25feace verified 3 days ago

5.15 kB

	---
	language:
	- hi
	- bn
	- mr
	- te
	- kn
	- mai
	- as
	- brx
	- doi
	- gu
	- ml
	- pa
	- ta
	- ne
	- sa
	- sat
	- sd
	- or
	- mni
	- ks
	- kok
	- ur
	- en
	base_model: Aratako/MioTTS-0.6B
	library_name: transformers
	model_name: Indic-Mio
	pipeline_tag: text-to-speech
	tags:
	- speech
	- tts
	- voice
	datasets:
	- ai4bharat/Rasa
	- mythicinfinity/libritts_r
	- ylacombe/expresso
	widget:
	- text: >-
	प्लान तो बढ़िया है, but wait... Have you checked the hotel bookings? Last
	minute पे रूम मिलना is next to impossible on weekends.
	output:
	url: samples/sample1.wav
	- text: >-
	The rain hammered against the cold glass as Detective Morgan slammed the
	folder onto the table. 'I know you were there that night,' she said, her
	voice barely above a whisper. 'The question is — what did you see?'
	output:
	url: samples/sample2.wav
	- text: >-
	જ્યારે પણ મને તેની સખત જરૂર હોય ત્યારે આ દુકાનમાં મદદ કરવા માટે ક્યારેય કોઈ
	હાજર નથી હોતું. <disgust>
	output:
	url: samples/sample3.wav
	- text: இந்த கோயில்லயா உங்க கல்யாணம் நடந்துச்சு. <surprise>
	output:
	url: samples/sample4.wav
	license: apache-2.0
	---

	# Model Card for Indic-Mio

	<b>Indic-Mio</b> is an open-source Text-to-Speech (TTS) model that supports all <b>22 scheduled Indian languages and English</b>. Produces high-quality natural-sounding speech at <b>44kHz</b> with less than <b>0.1 RTF</b>. Zero-shot voice cloning supported via speaker embeddings in the codec. Also works well for code-mixed sentences.

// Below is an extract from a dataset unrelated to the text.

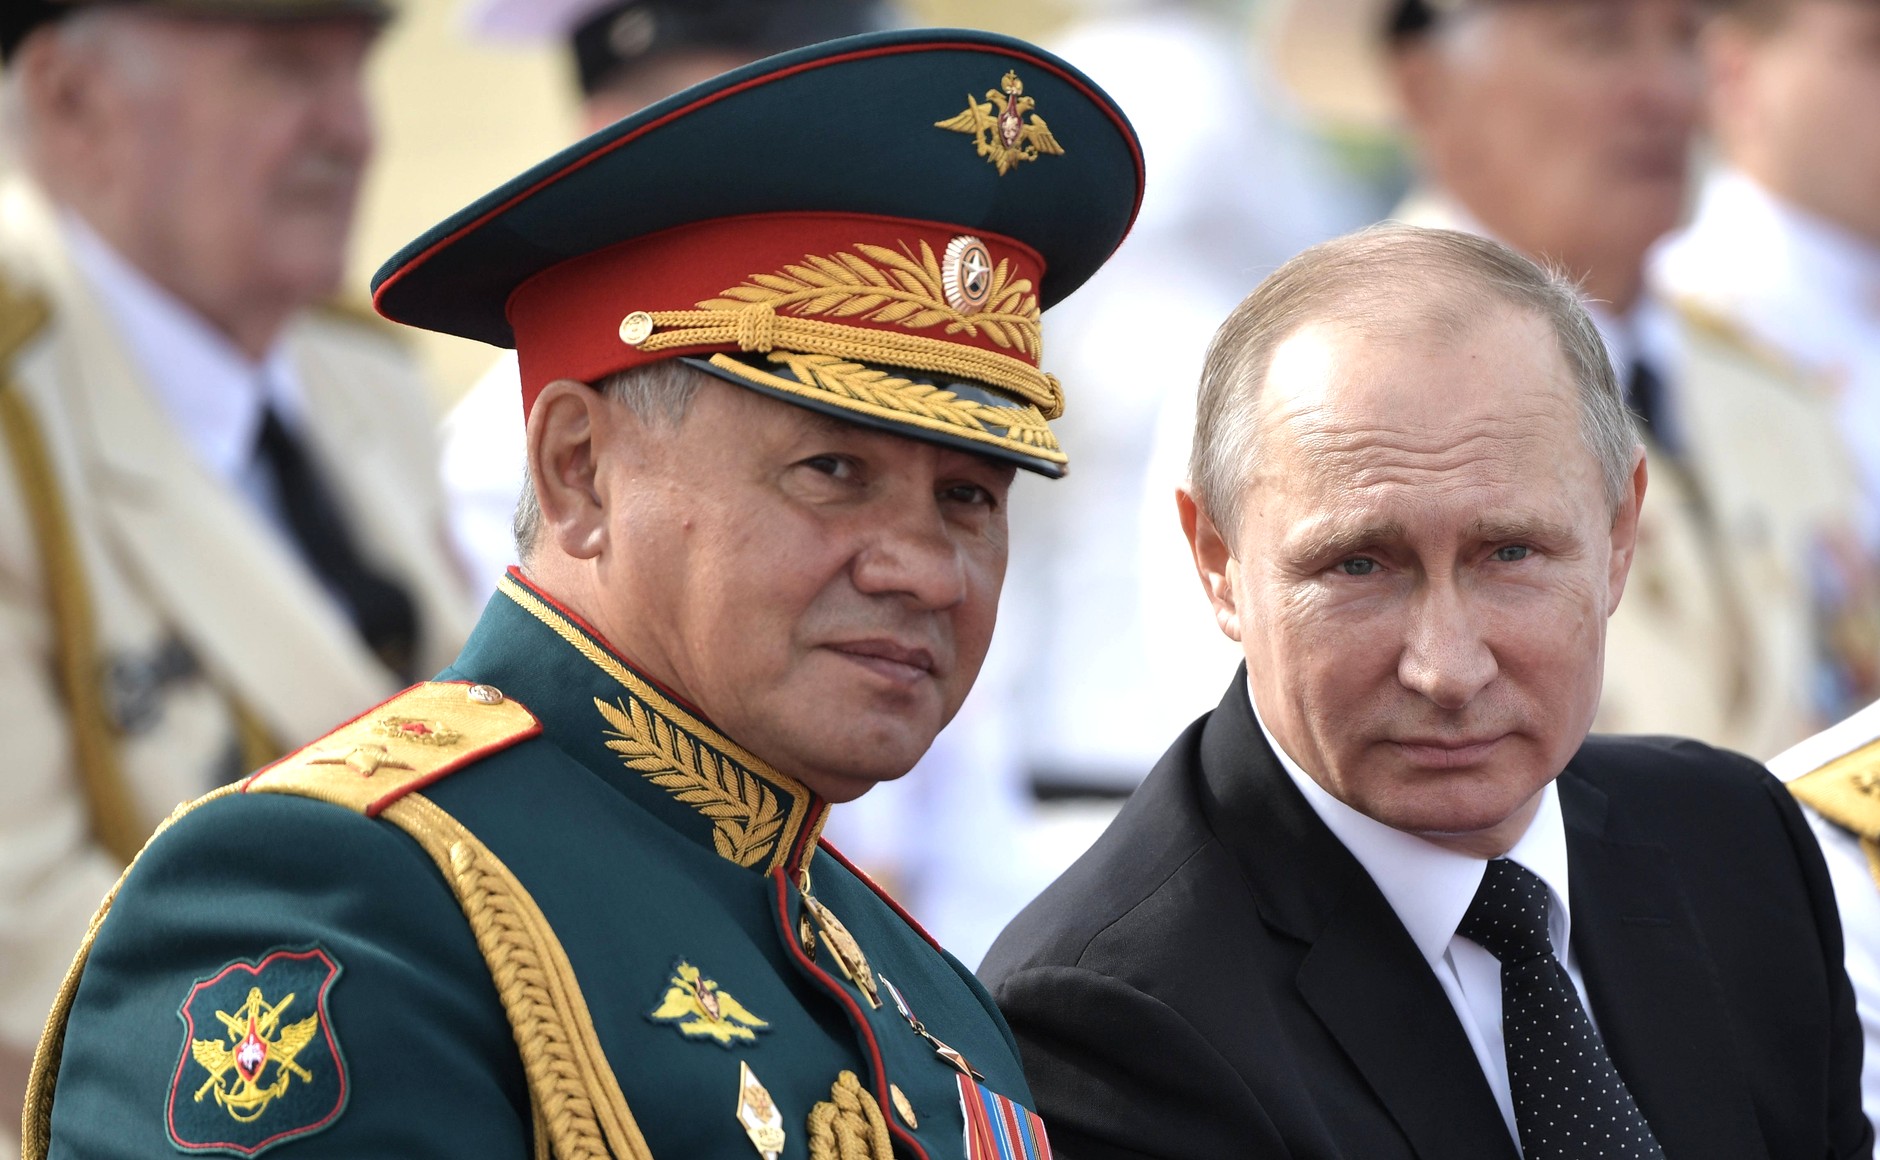 Ρωσία: Ο Πούτιν δίνει το δικαίωμα σε ξένους υπηκόους να υπηρετούν στις ένοπλες δυνάμεις

	This model is a fine-tuned version of [Aratako/MioTTS-0.6B](https://huggingface.co/Aratako/MioTTS-0.6B) which uses [MioCodec](https://huggingface.co/Aratako/MioCodec-25Hz-24kHz) for speech tokenization.
	<!-- It has been trained using Transformers, Unsloth and [TRL](https://github.com/huggingface/trl). -->


	## Prompting

	For emotion and style control, place the tags <b>at the end</b> of the sentence.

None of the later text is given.